PROBLEM REQUIREMENTS:
Where the line containing "Fear and Loathing" appears below, start there and repeat each line exactly to the end. Leave the pictures out.

── RECORDED INFORMATION ──

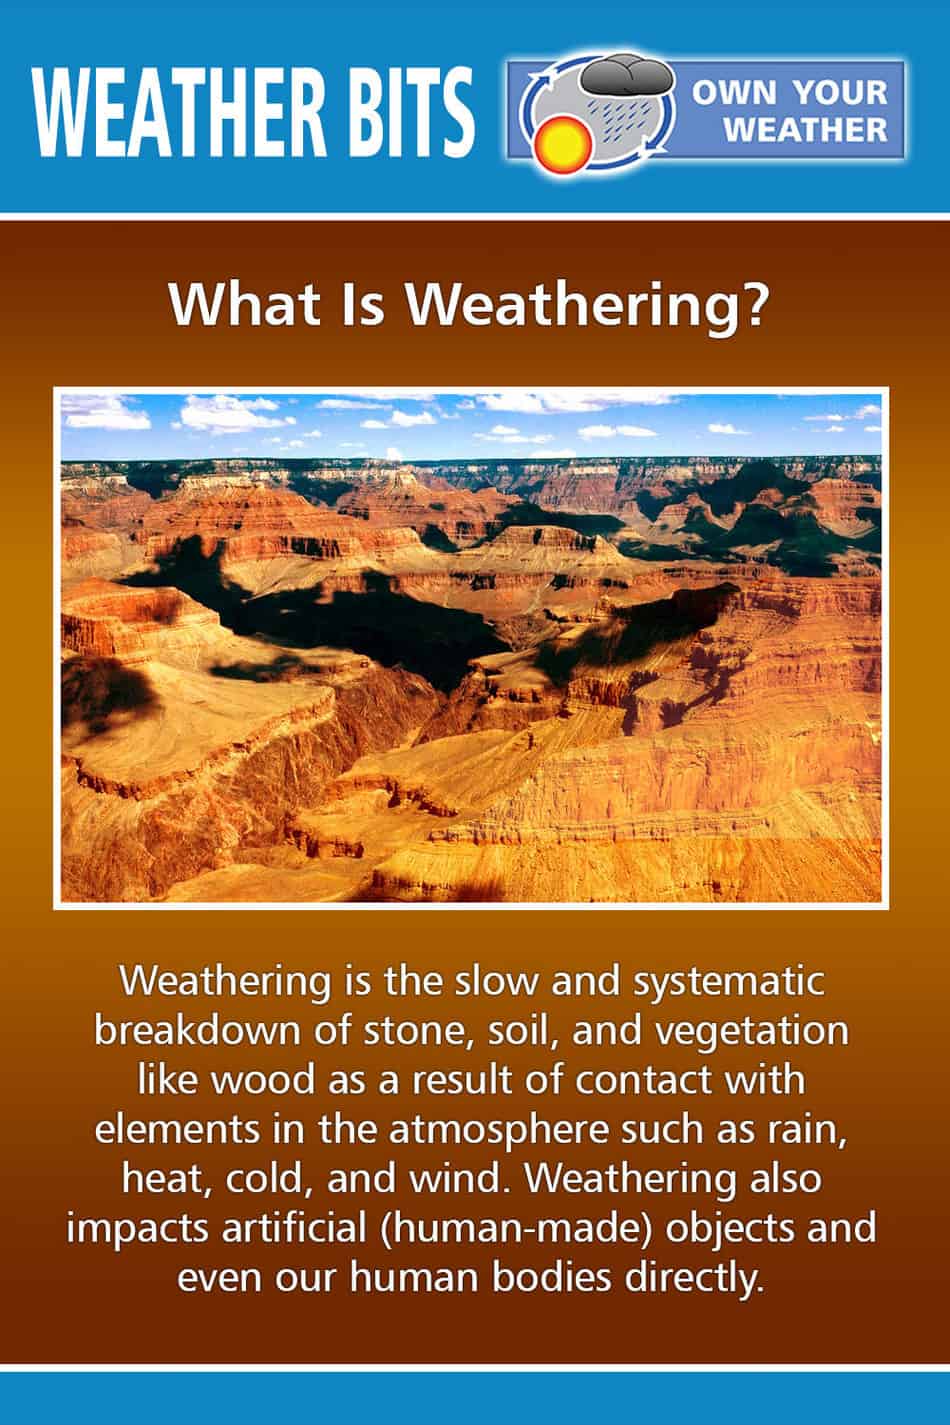 What Is Weathering?
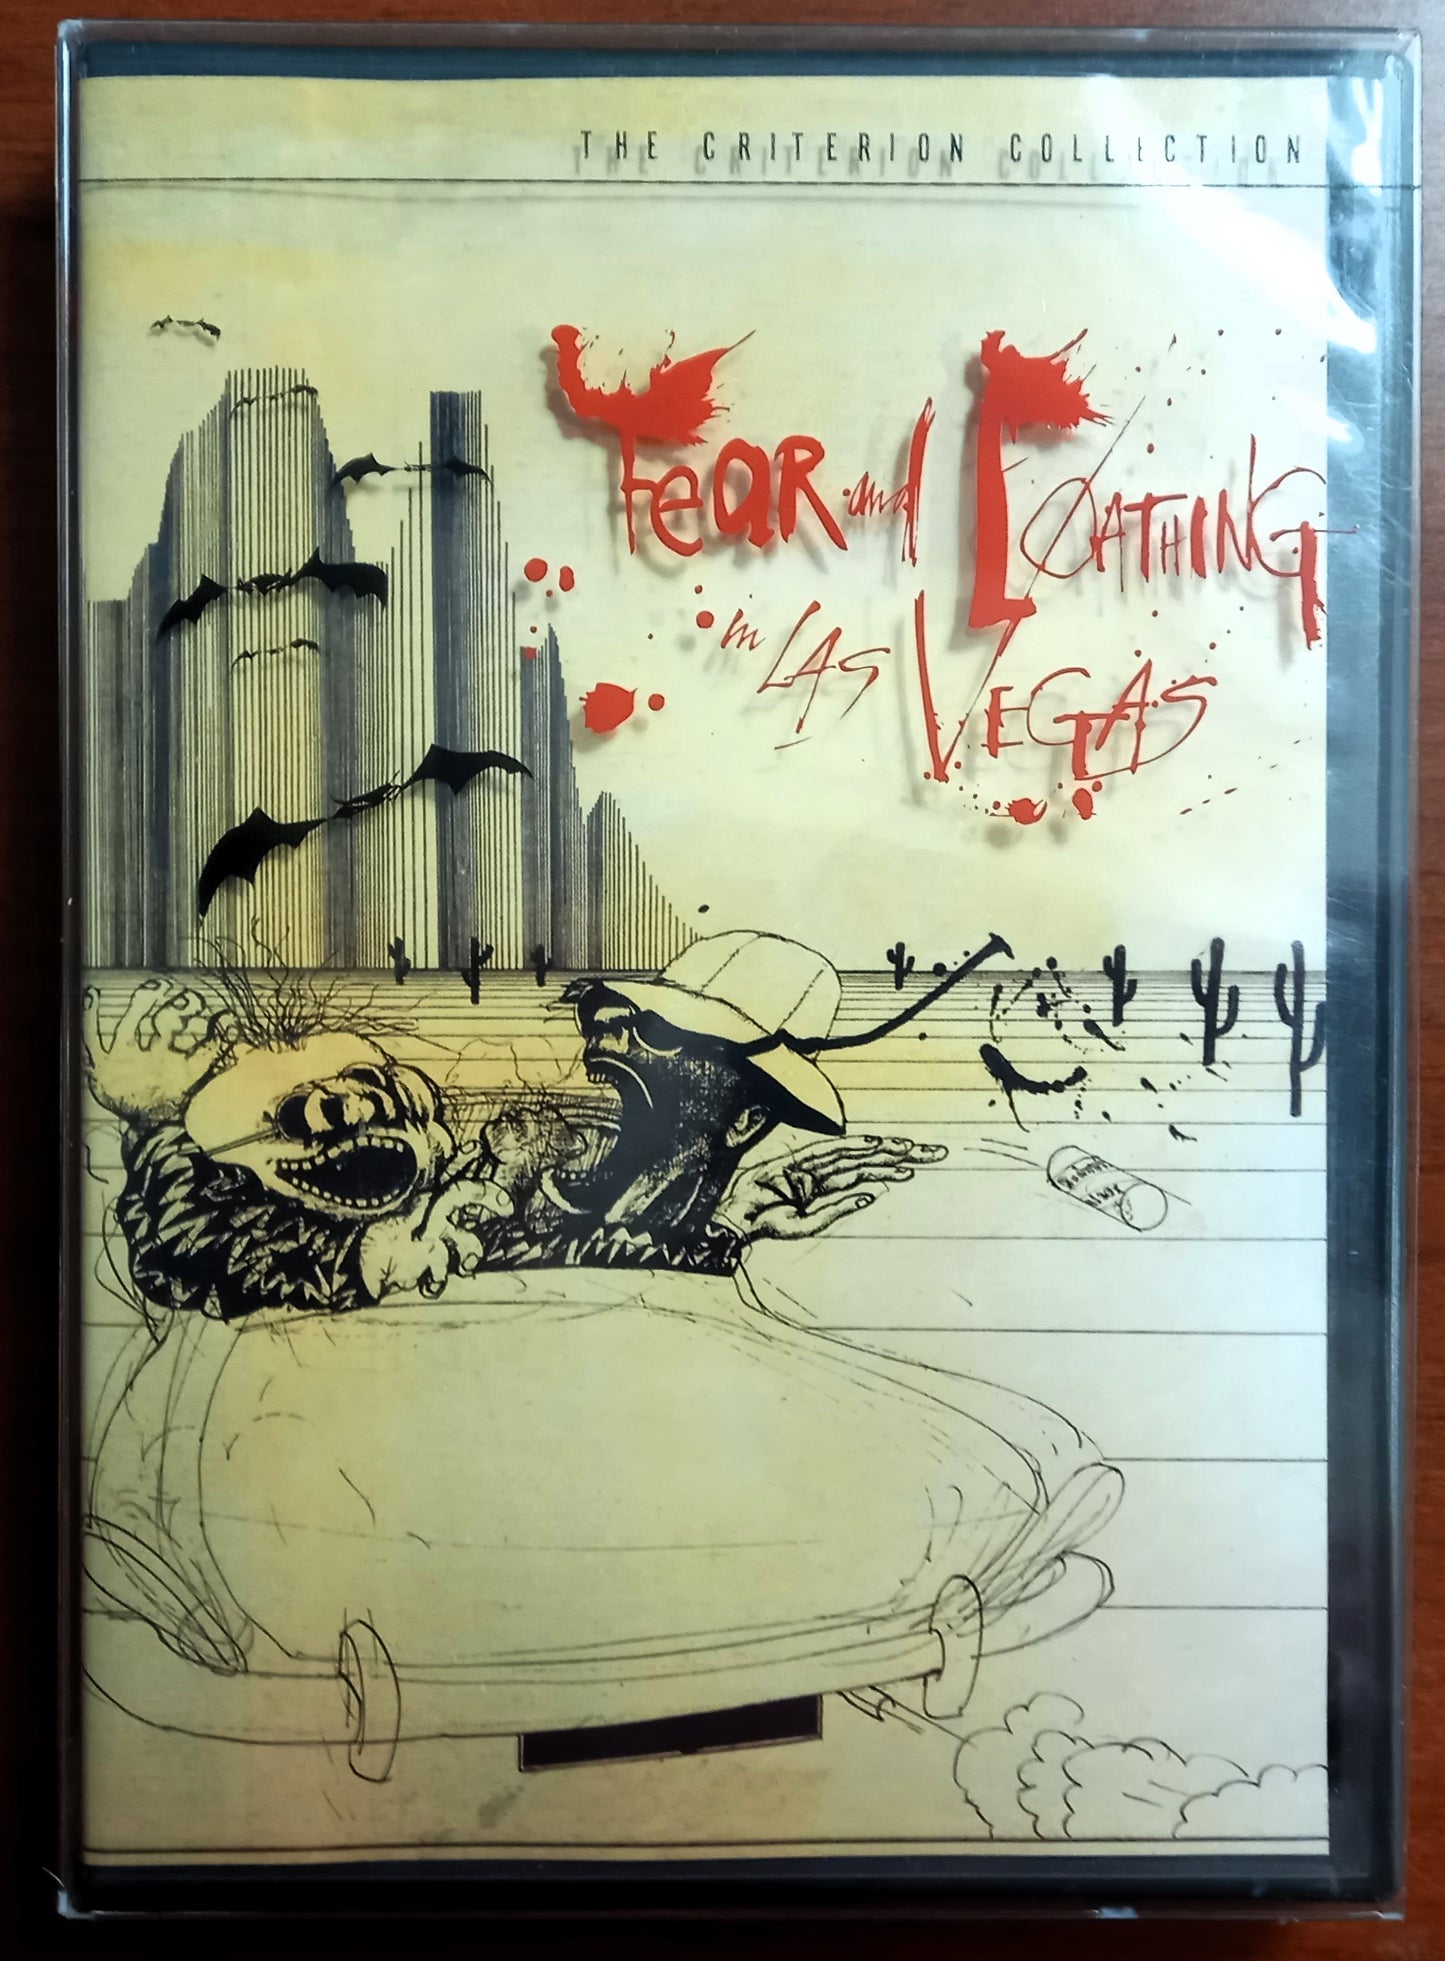 Fear and Loathing in Las Vegas - The Criterion Collection
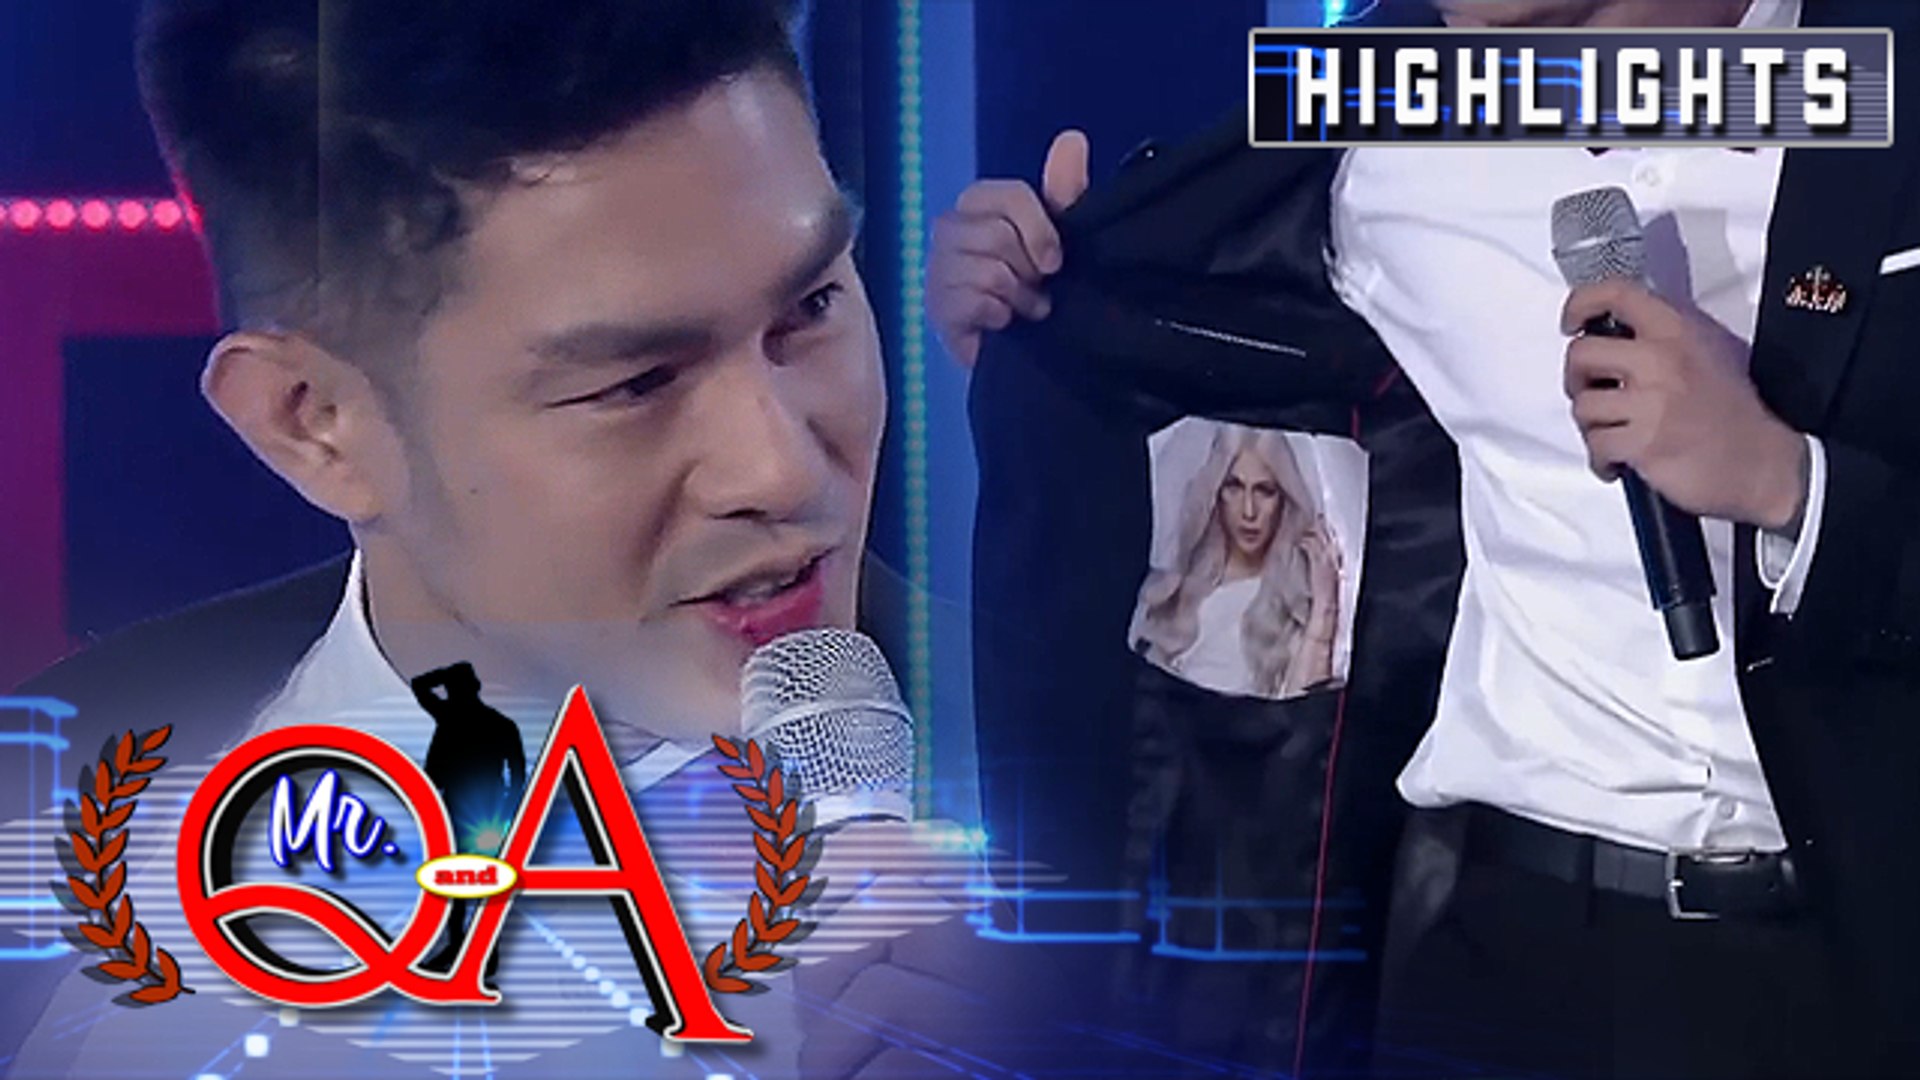 Ion shows off his customized Vice Ganda outfit | It's Showtime Mr Q and A

───

OUTPUT FOR THIS TASK:
 Fear and Loathing in Las Vegas - The Criterion Collection
 Ion shows off his customized Vice Ganda outfit | It's Showtime Mr Q and A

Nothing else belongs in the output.